Re: [PATCH bpf-next 0/5] bpf: BPF specific memory allocator.

linux-mm.kvack.org archive mirror
 help / color / mirror / Atom feed

From: Shakeel Butt <shakeelb@google.com>
To: Alexei Starovoitov <alexei.starovoitov@gmail.com>
Cc: Michal Hocko <mhocko@suse.com>,
	Matthew Wilcox <willy@infradead.org>,
	 Christoph Hellwig <hch@infradead.org>,
	davem@davemloft.net, daniel@iogearbox.net,  andrii@kernel.org,
	tj@kernel.org, kafai@fb.com, bpf@vger.kernel.org,
	 kernel-team@fb.com, linux-mm@kvack.org,
	Christoph Lameter <cl@linux.com>,
	 Pekka Enberg <penberg@kernel.org>,
	David Rientjes <rientjes@google.com>,
	 Joonsoo Kim <iamjoonsoo.kim@lge.com>,
	Andrew Morton <akpm@linux-foundation.org>,
	 Vlastimil Babka <vbabka@suse.cz>
Subject: Re: [PATCH bpf-next 0/5] bpf: BPF specific memory allocator.
Date: Fri, 8 Jul 2022 21:55:36 +0000	[thread overview]
Message-ID: <20220708215536.pqclxdqvtrfll2y4@google.com> (raw)
In-Reply-To: <20220708174858.6gl2ag3asmoimpoe@macbook-pro-3.dhcp.thefacebook.com>

On Fri, Jul 08, 2022 at 10:48:58AM -0700, Alexei Starovoitov wrote:
> On Fri, Jul 08, 2022 at 03:41:47PM +0200, Michal Hocko wrote:
> > On Wed 06-07-22 11:05:25, Alexei Starovoitov wrote:
> > > On Wed, Jul 06, 2022 at 06:55:36PM +0100, Matthew Wilcox wrote:
> > [...]
> > > > For example, I assume that a BPF program
> > > > has a fairly tight limit on how much memory it can cause to be allocated.
> > > > Right?
> > > 
> > > No.
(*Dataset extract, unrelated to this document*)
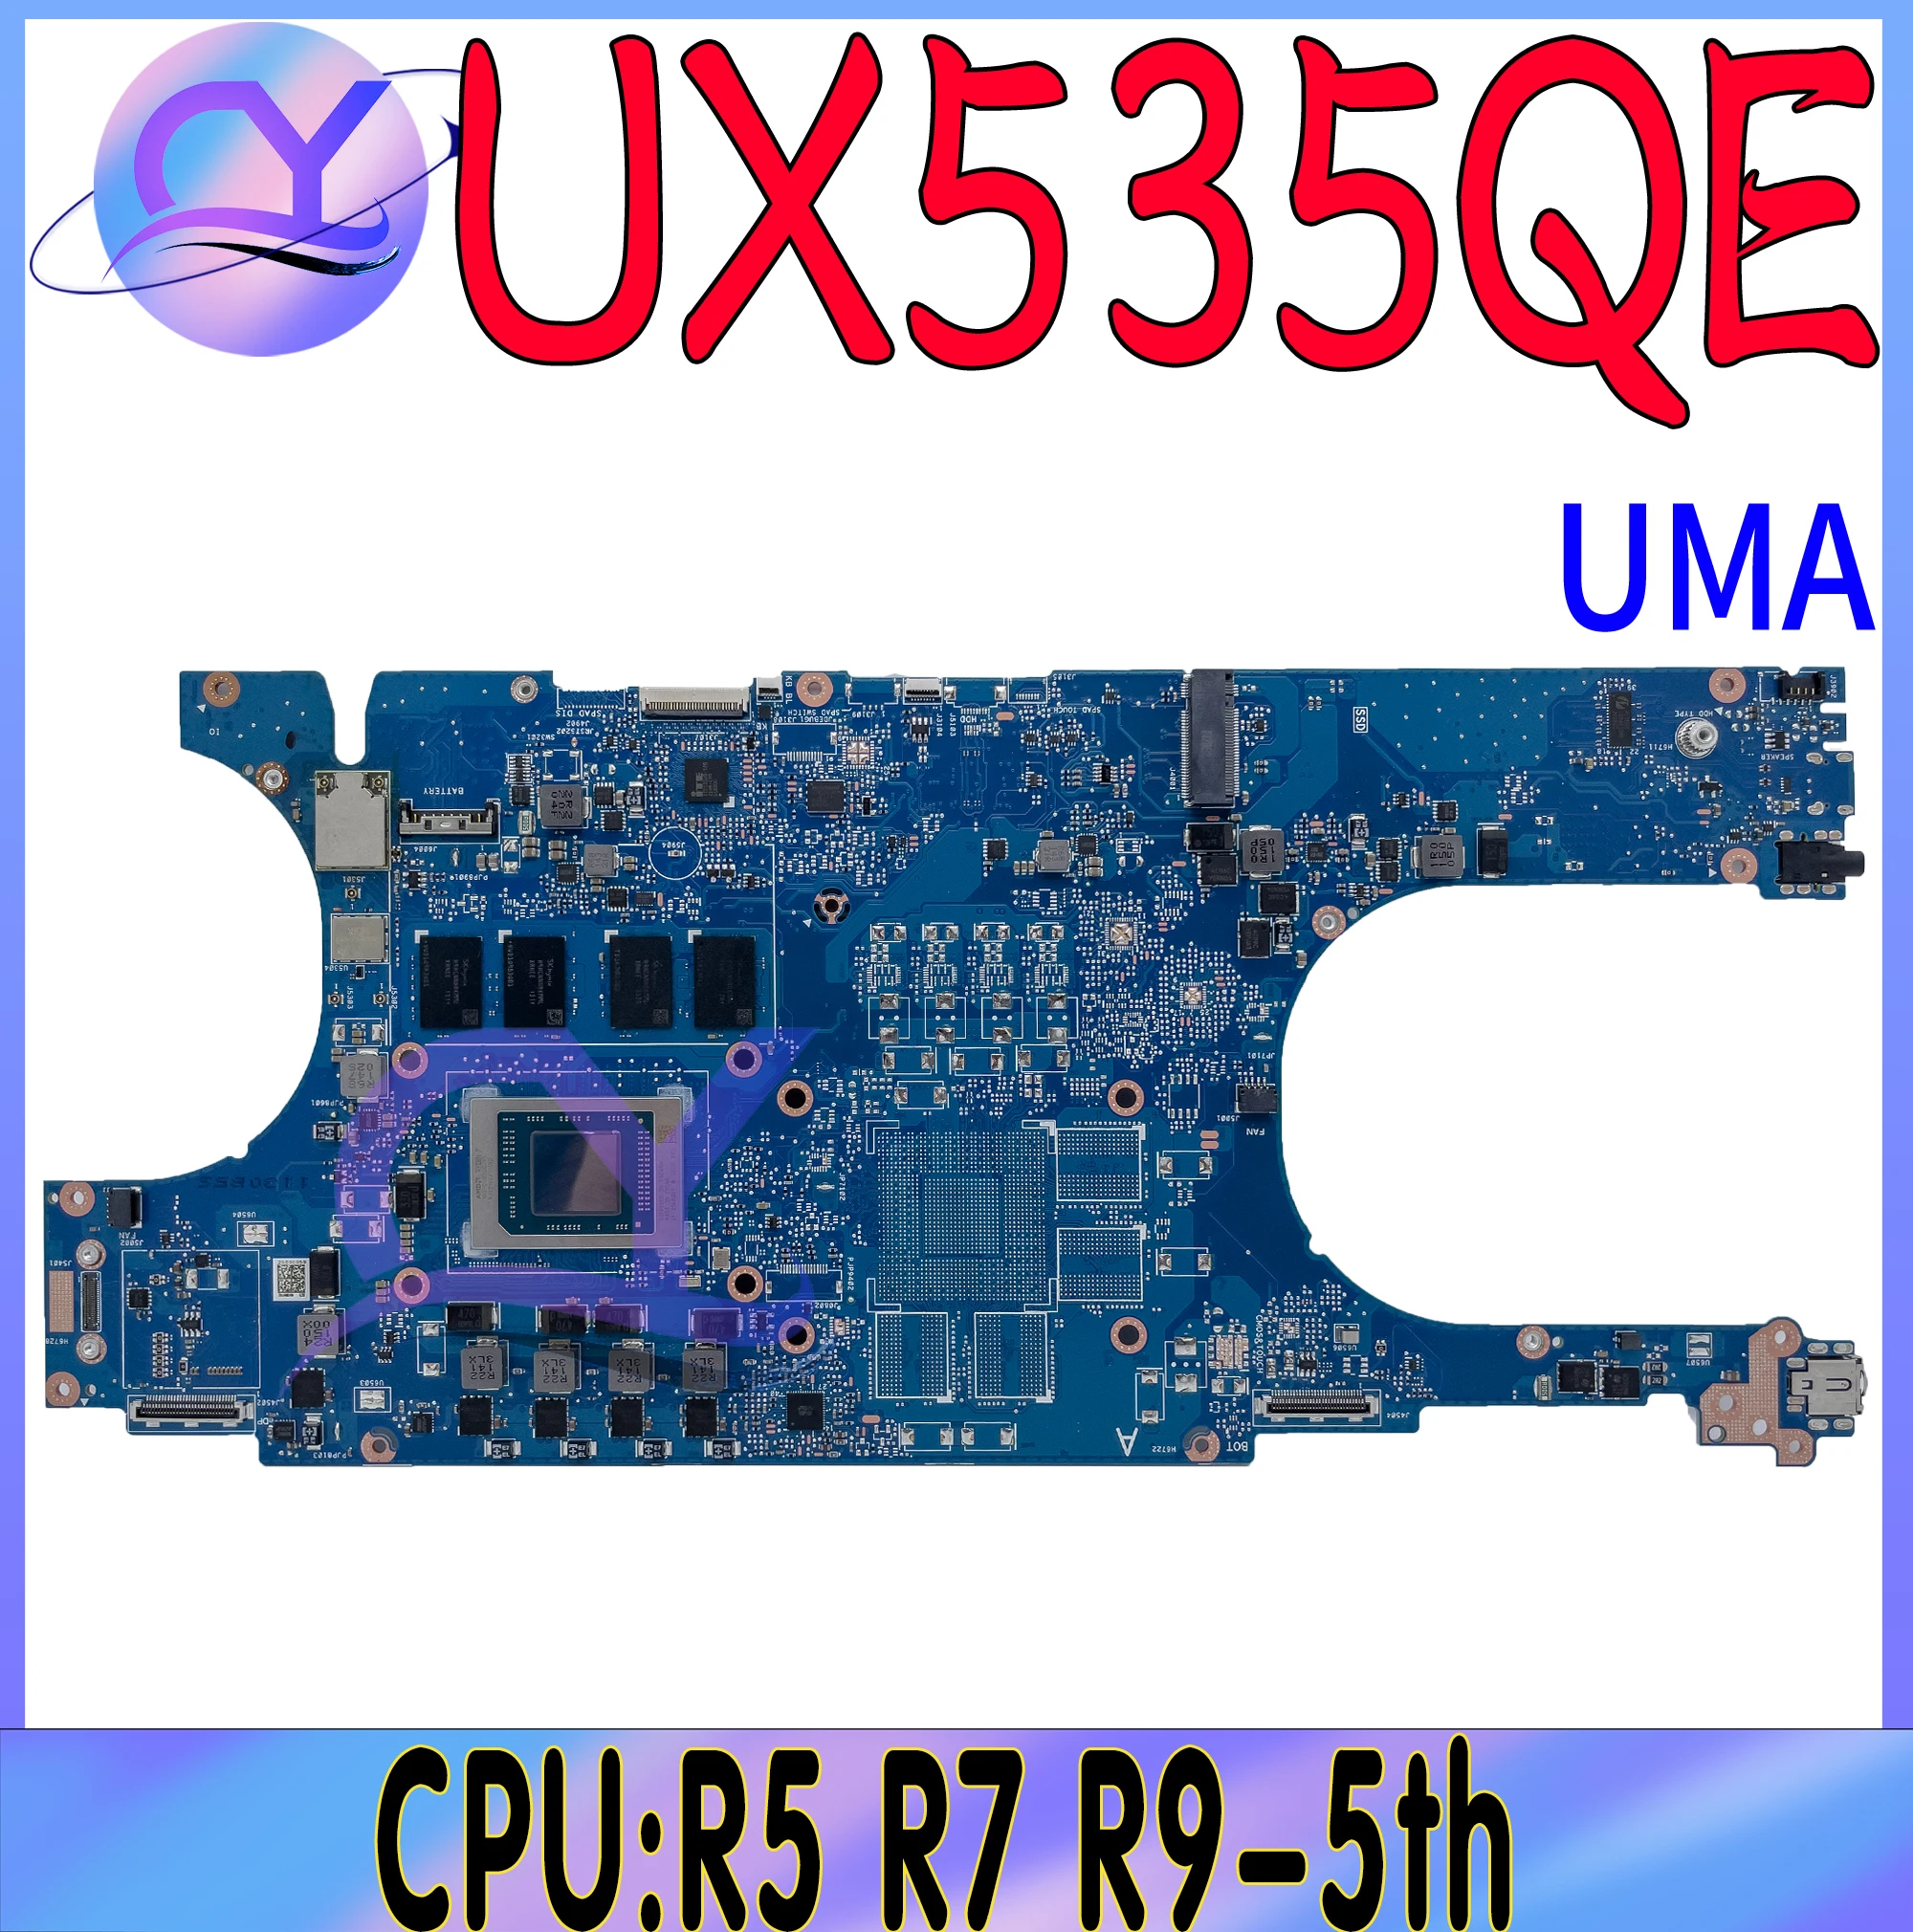 

UX535QE Mainboard For ASUS UX535Q UX535QA BM535QE UM535QE UM535 UM535QE BM535Q Laptop Motherboard R5 R7 R9-5th 8GB-RAM 100% Test

It's constrained by memcg limits only. It can allocate gigabytes.
> >  
> > I have very briefly had a look at the core allocator parts (please note
> > that my understanding of BPF is really close to zero so I might be
> > missing a lot of implicit stuff). So by constrained by memcg you mean
> > __GFP_ACCOUNT done from the allocation context (irq_work). The complete
> > gfp mask is GFP_ATOMIC | __GFP_NOMEMALLOC | __GFP_NOWARN | __GFP_ACCOUNT
> > which means this allocation is not allowed to sleep and GFP_ATOMIC
> > implies __GFP_HIGH to say that access to memory reserves is allowed.
> > Memcg charging code interprets this that the hard limit can be breached
> > under assumption that these are rare and will be compensated in some
> > way. The bulk allocator implemented here, however, doesn't reflect that
> > and continues allocating as it sees a success so the breach of the limit
> > is only bound by the number of objects to be allocated. If those can be
> > really large then this is a clear problem and __GFP_HIGH usage is not
> > really appropriate.
> 
> That was a copy paste from the networking stack. See kmalloc_reserve().
> Not sure whether it's a bug there or not.

kmalloc_reserve() is good. Most of calls to kmalloc_reserve() are for
skbs and we don't use __GFP_ACCOUNT for skbs. Actually skbs are charged
to memcg through a separate interface (i.e. mem_cgroup_charge_skmem())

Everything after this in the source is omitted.